In the present study, our main aim was to investigate brain activation during self- and other-reflection in patients with bipolar disorder (BD) with a history of psychotic symptoms compared to healthy controls (HCs). In addition, we compared BD patients to patients with schizophrenia (SZ) to investigate whether observed abnormal activations were unique features of BD. Most importantly, BD patients showed less activation in the posterior cingulate cortex (PCC) extending to the precuneus during other-reflection compared to HCs. No significant differences were observed between BD and SZ patients, with SZ patients showing a level of activation in between BD patients and HCs.

4.1. Comparison between BD patients and HCs during other-reflection

During other-reflection, hypo-activation in the PCC/precuneus was observed in BD patients compared to HCs, which was not induced by differences in activation in response to the semantic control condition (see Supplement material) or by behavioural performance during other-reflection. Moreover, since most participants were stable during scanning, the observed hypo-activation is likely irrespective of current residual psychotic, depressive and manic symptoms. Altogether, this suggests that the hypo-activation in the PCC/precuneus was due to differences of other-reflection per se rather than any other confounding factor.

Both the PCC and precuneus have been shown to be important areas underlying autobiographical memory (Fink et al., 1996; Maddock et al., 2001; Maguire & Mummery, 1999). It has been suggested that autobiographical memory may play a critical role in self-reflective processing (Dimaggio et al., 2009), and also in other-reflective processing (Van der Meer et al., 2010). Indeed, according to the self-reflection/self-appraisal model (Van der Meer et al., 2010), the role of the PCC and precuneus during self- and other-reflection is associated with autobiographical memory processing. For the current results, it could be suggested that less activation in the PCC/precuneus reflects reduced integration between past and current information, and more specifically regarding to information about other people. In line with this suggestion, previous literature has shown that autobiographical memory is indeed impaired in BD patients, e.g. they provide less details during autobiographical memory recall than healthy individuals (Scott et al., 2000; Shimizu et al., 2009).

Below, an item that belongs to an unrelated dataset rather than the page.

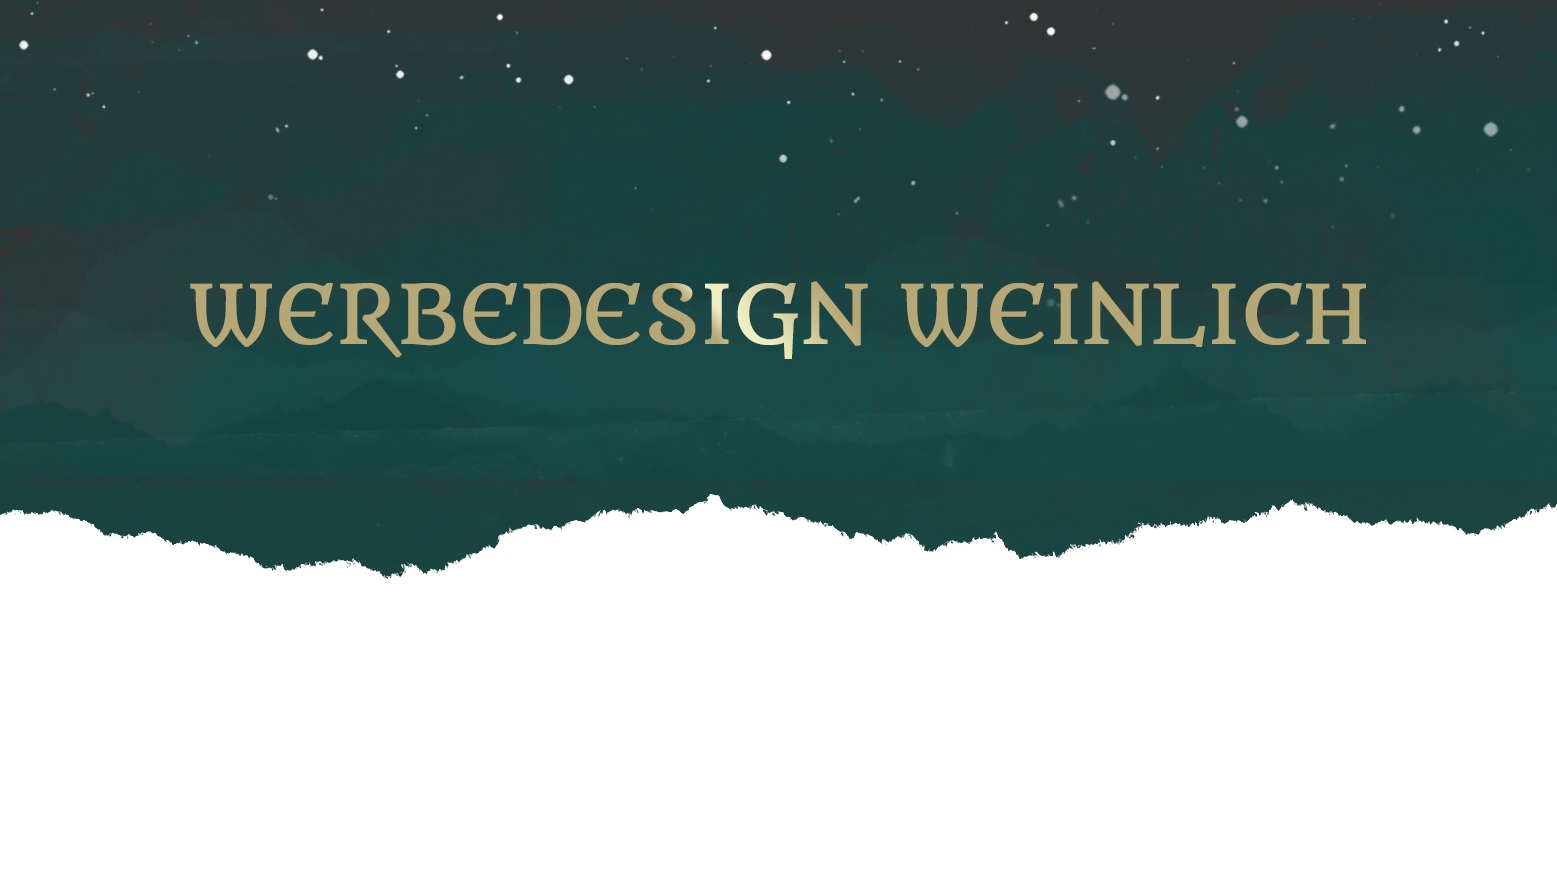 (c) Webdesign-weinlich.de

In addition, the PCC is an important structure for emotional processing. For example, Maddock et al. (2003) have shown that healthy individuals have more activation in the PCC in response to both positive and negative words compared to neutral words. Interestingly, BD patients have shown a lack of PCC/precuneus activation during emotionally modulated cognitive processing (i.e. emotional Stroop task) (Malhi et al., 2005). In addition, it has been found that BD patients show reduced PCC activation during emotion regulation compared to HCs (Townsend et al., 2013). Combined with the role of the PCC/precuneus in autobiographical memory, we propose that the PCC/precuneus may be an interaction unit of processing emotional information and autobiographical memory. A recent study has indeed confirmed that the PCC and precuneus are activated during emotional autobiographical memory processing (Bado et al., 2014). Therefore, it might be suggested that the hypo-activation in the PCC/precuneus during other-reflection in BD patients implies disturbed integration of emotional information and autobiographical memory related to a close other. This might result in inappropriate or inaccurate knowledge about the close other.

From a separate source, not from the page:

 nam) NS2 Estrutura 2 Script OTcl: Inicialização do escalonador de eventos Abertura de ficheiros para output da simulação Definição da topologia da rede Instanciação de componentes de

This disturbed processing of close-other information might be related to disturbed social cognition (e.g. theory of mind) in BD patients, and hence disturbed social functioning. BD patients indeed have shown impairments in social cognition (Donohoe et al., 2012; Elgie & Morselli, 2007; Samamé et al., 2012). Interestingly, the PCC and precuneus have been shown to be involved during social cognition, for instance during theory of mind (Abu-Akel & Shamay-Tsoory, 2011; Carrington & Bailey, 2009; Spreng et al., 2009), and processing of social-self (e.g. judging self with social-value traits, such as “am I intelligent”) (Sugiura, 2013). We therefore postulate that less activation in the PCC/precuneus during other-reflection in BD patients might be related to the commonly observed impairments in social cognition.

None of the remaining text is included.